Товарищ, винтовку держи, не трусь! Пальнем-ка пулей в Святую Русь В кондовую. В избяную, В толстозадую!
— Вдаль идут державным шагом… Кто еще там? Выходи! Это — ветер с красным флагом Разыгрался впереди…
…И идут без имени святого Все двенадцать — вдаль, Ко всему готовы, Ничего не жаль…
"Это — ветер с красным флагом разыгрался впереди…" Необычайно! думал Кустодиев. — Блок прямо из соловьиного сада, из балаганчиков вышел на разгулявшуюся улицу. Героическая личность".
Его мысли прервал неожиданный стук, даже грохот. По лестнице шли, должно быть, сразу несколько человек. Они остановились возле дверей, и раздался длинный, резкий звонок.
Кирилл спал в дальней комнате крепким сном. Горничная ушла. Борис Михайлович стал торопливо крутить ручки кресла-коляски, но они, как назло, не поддавались. Колокольчик отчаянно звенел. Кресло застряло в дверях.
— Открывай! Что там еще за чертовщина!
Кустодиев выждал и в перерыве между ударами в дверь попытался насколько мог громко объяснить, чтобы подождали, что сейчас откроют. Наконец Кирилл проснулся, на ходу протирая глаза, бросился к дверям.
В коридор вошло человек шесть.
— Кто тут живет? Опять буржуй?! — раздался бас. — Скрываете кого или просто нас дурачите, не открываете дверь? Документы покажьте. В комнату вошел матрос огромного роста, с большим чубом, в бескозырке; под распахнутым бушлатом красовались перекрещенные пулеметные ленты, на правом боку маузер.
Рядом вырос крепкий русобородый, совсем молодой матрос. Он первым заметил человека на кресле с закрытыми ногами, ненатурально закашлялся и отступил на шаг.
Третий — совсем молодой, безусый — увидел картины на стенах и протянул со свистом:
— Э, да тут художник живет. Знал я одного такого! Ходил к нам на Гаванскую, дождь ли, солнце ли — все стоит малюет. И сколько ж у него терпения было, ужас!.. — Однако документы ваши покажьте, — хмуро напомнил матрос с черным чубом.
Кирилл принес документы.
— Кира, ты покажи охранное удостоверение, — сказал Борис Михайлович, с любопытством оглядывая гостей. Он был чуть ли не рад их неожиданному вторжению. — Так, значится, — стал читать русобородый. — Кустодиев, Борис Михайлович, 1878 года рождения, город Астрахань… "Охранное удостоверение народного комиссариата Дворцов и музеев Республики о сохранении художественной коллекции Б.М. Кустодиева… 27 марта 1918 года. Луначарский, Штеренберг". Так.

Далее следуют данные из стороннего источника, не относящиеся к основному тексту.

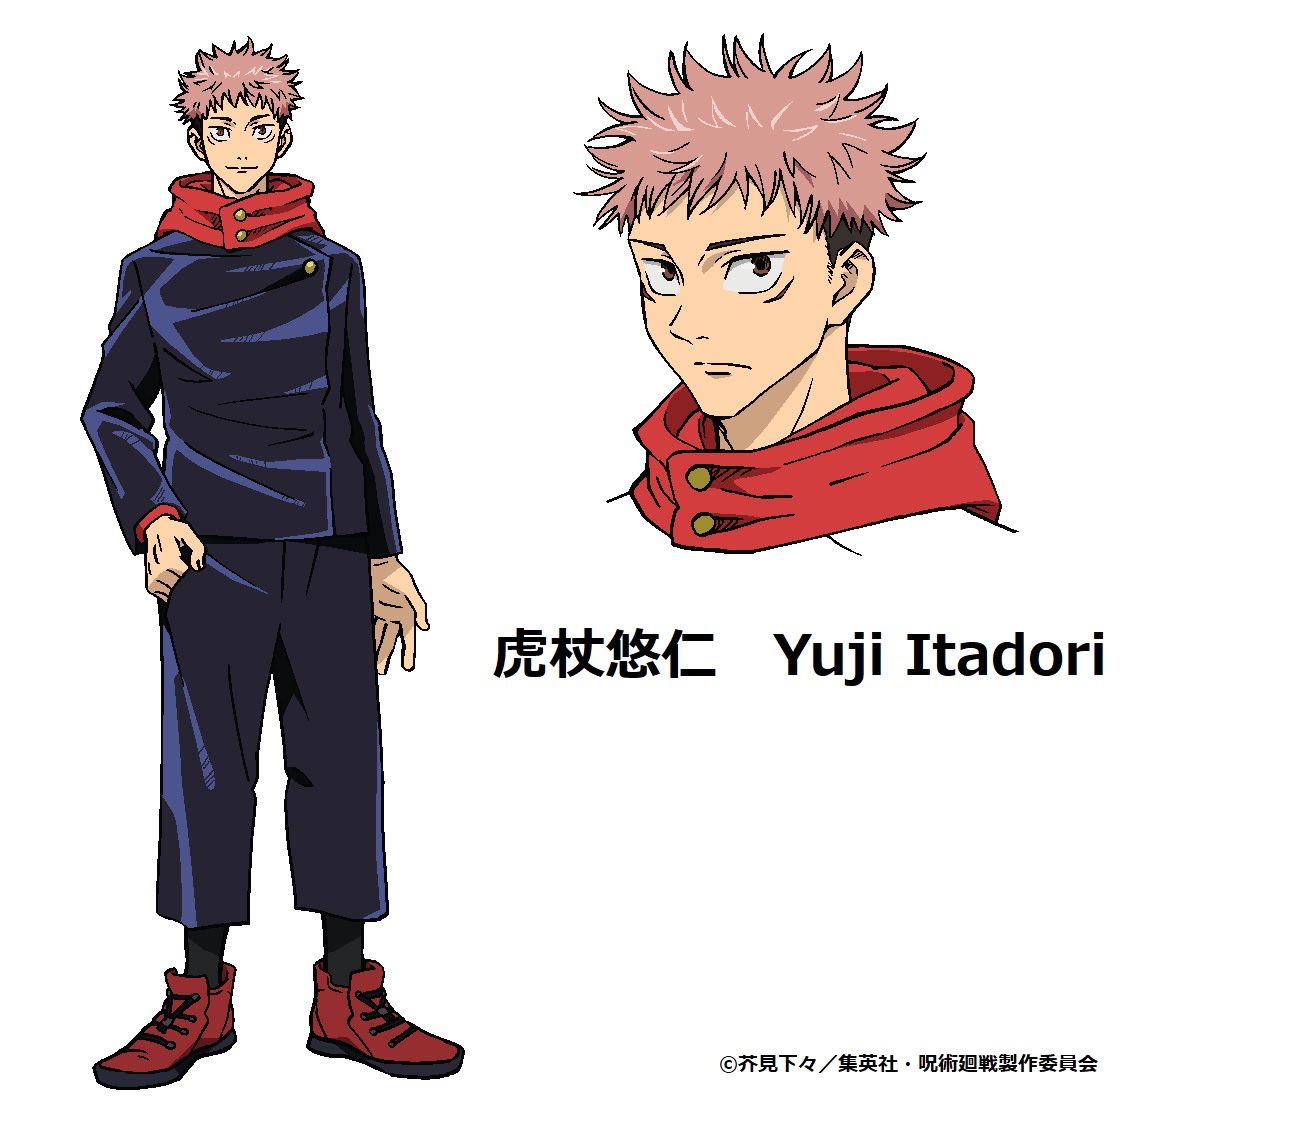 Jujutsu Kaisen Jujutsu Kaisen Character Designs For The Anime By Mappa That Will Premiere October T Co Gdfjiyfacb Twitter

Это хорошо.
Матрос внимательно огляделся по сторонам, Борис Михайлович предложил:
— Садитесь, пожалуйста, посмотрите, если хотите. Гости смолкли и стали разглядывать увешанные картинами стены. С портретов смотрели лица — лишь слегка намеченные и законченные, женские и мужские, русские и нерусские. Пейзажи красочными пятнами на стенах, скульптуры на верхних полках, красивая яркая скатерть на столе, икона новгородской школы, иранская миниатюра с изображением белого коня на голубом фоне.
— Вон, значится, как… — произнес матрос-великан. Снял бескозырку, и черные жесткие кудри рассыпались по лбу. Кустодиев пристально взглянул на него, и что-то отдаленно-знакомое увиделось ему… Вспомнилась астраханская семинария.
— Интересуюсь узнать, товарищ Кустодиев, — между тем спрашивал парень с чубом, — сколько времени требуется, чтобы нарисовать картину? — Ну, это зависит от того, какая картина, какая тема — знакомая, близкая или новая. Какой сюжет в ней, какого человека пишешь… — Ну, к примеру, вот эту гражданочку сколько дней вы рисовали? спросил тот, показывая на портрет Юлии Евстафьевны.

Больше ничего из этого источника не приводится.